MATERIAL FOR THIS EXERCISE
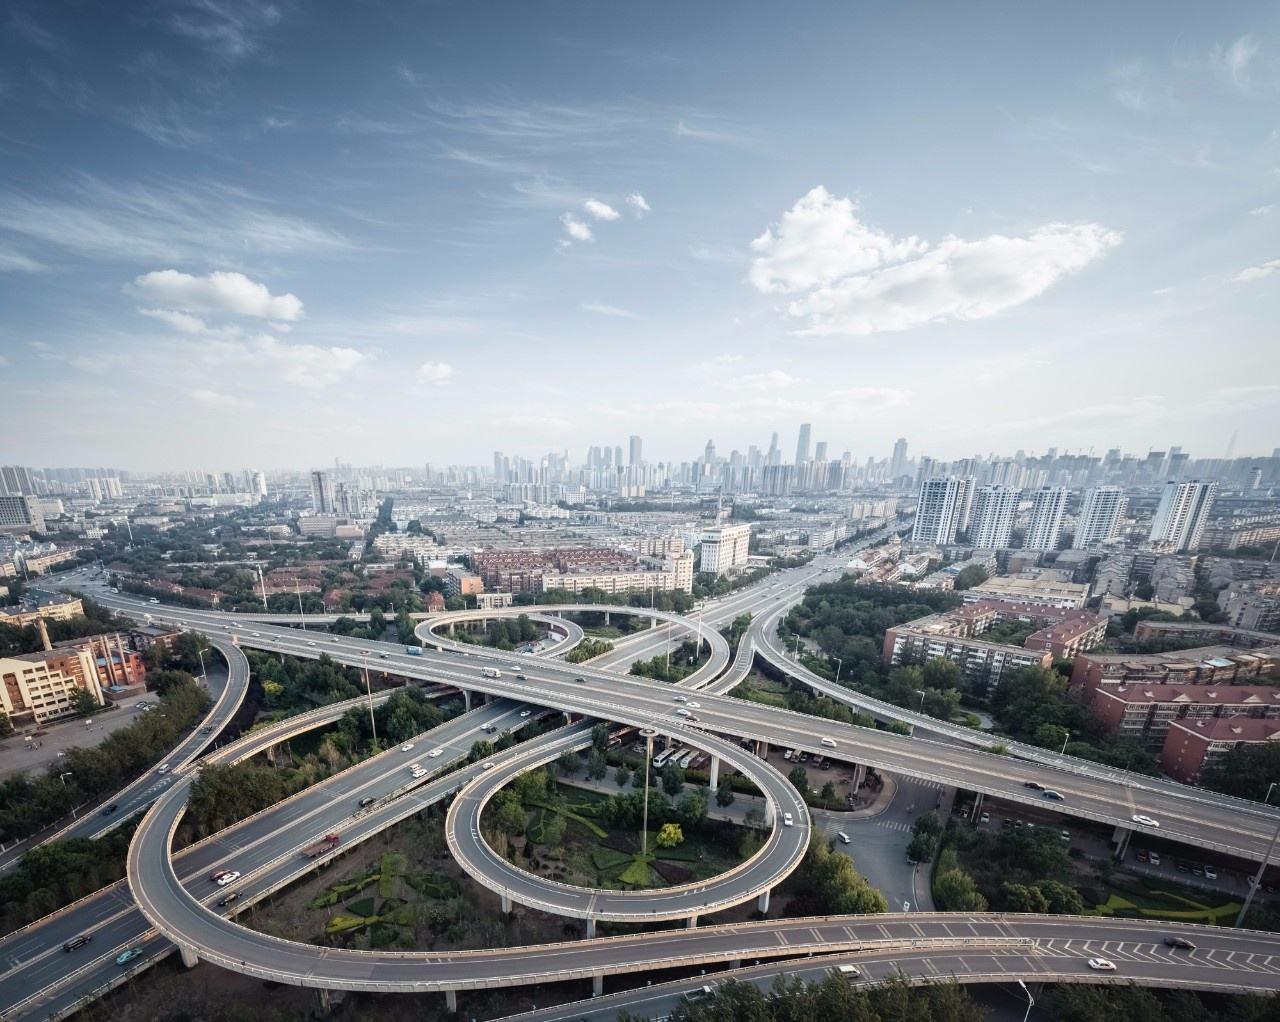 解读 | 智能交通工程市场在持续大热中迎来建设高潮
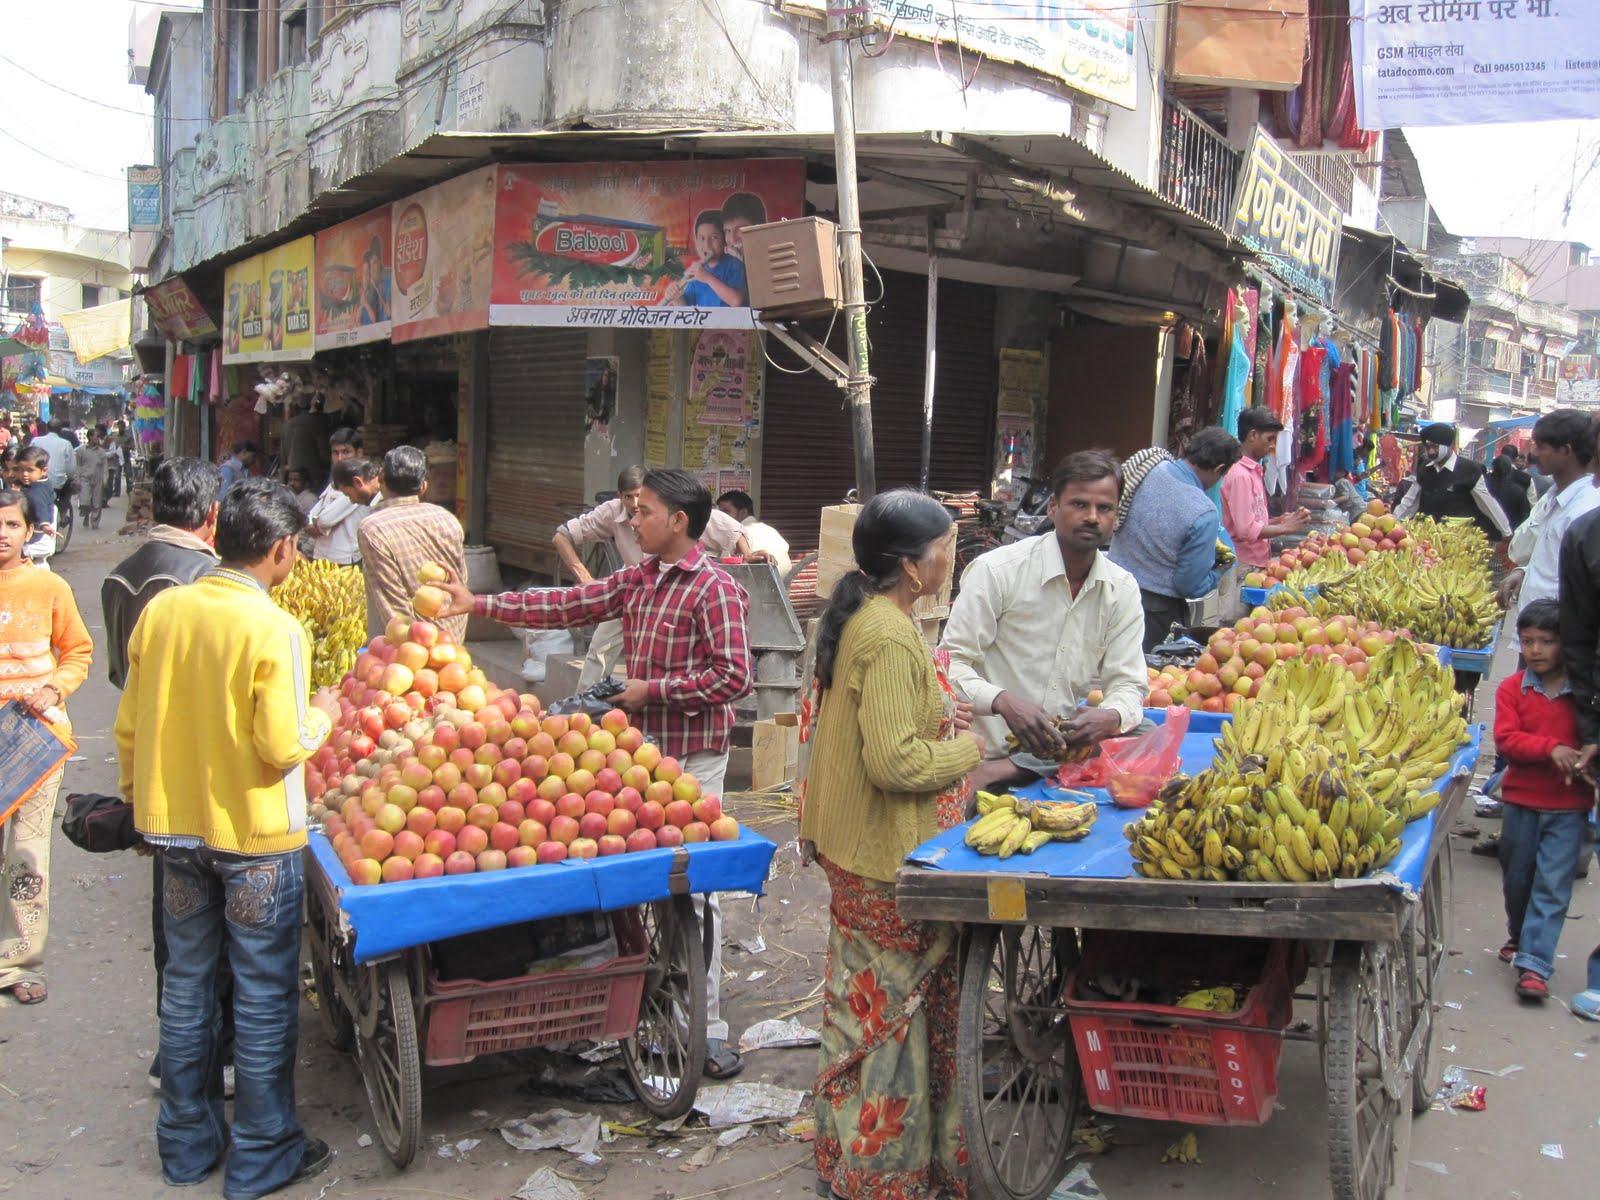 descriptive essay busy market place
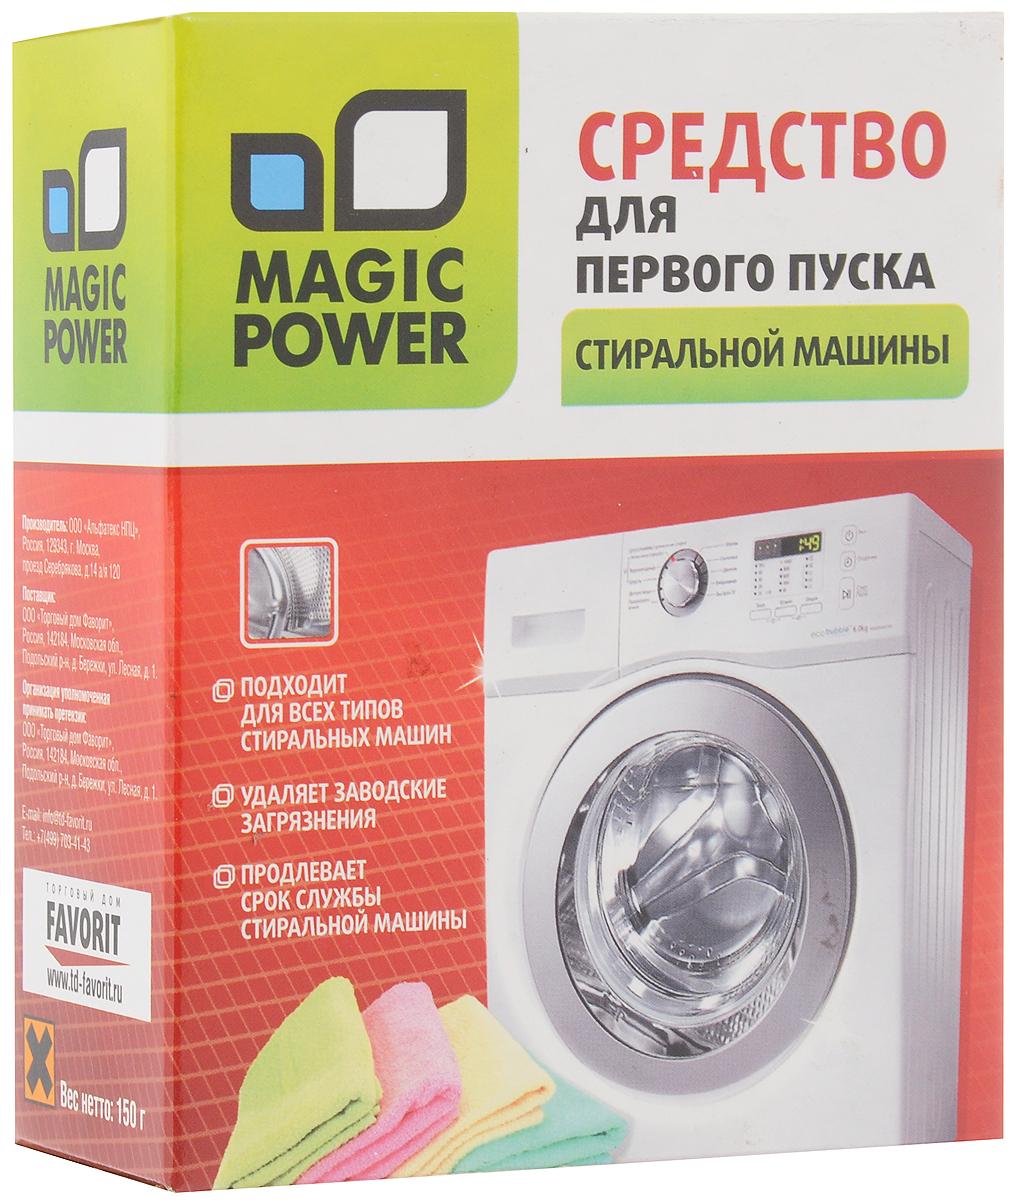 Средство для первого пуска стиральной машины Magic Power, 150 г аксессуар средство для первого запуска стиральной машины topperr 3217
---
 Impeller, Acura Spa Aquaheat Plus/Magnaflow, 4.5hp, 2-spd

PROBLEM REQUIREMENTS
Your answer should consist of the lines above between those holding "解读 | 智能交通工程市场在持续大热中迎来建设高潮" and "Средство для первого пуска", inclusive, reproduced word for word and without pictures.

RESPONSE TO THIS TASK
 解读 | 智能交通工程市场在持续大热中迎来建设高潮
 descriptive essay busy market place
 Средство для первого пуска стиральной машины Magic Power, 150 г аксессуар средство для первого запуска стиральной машины topperr 3217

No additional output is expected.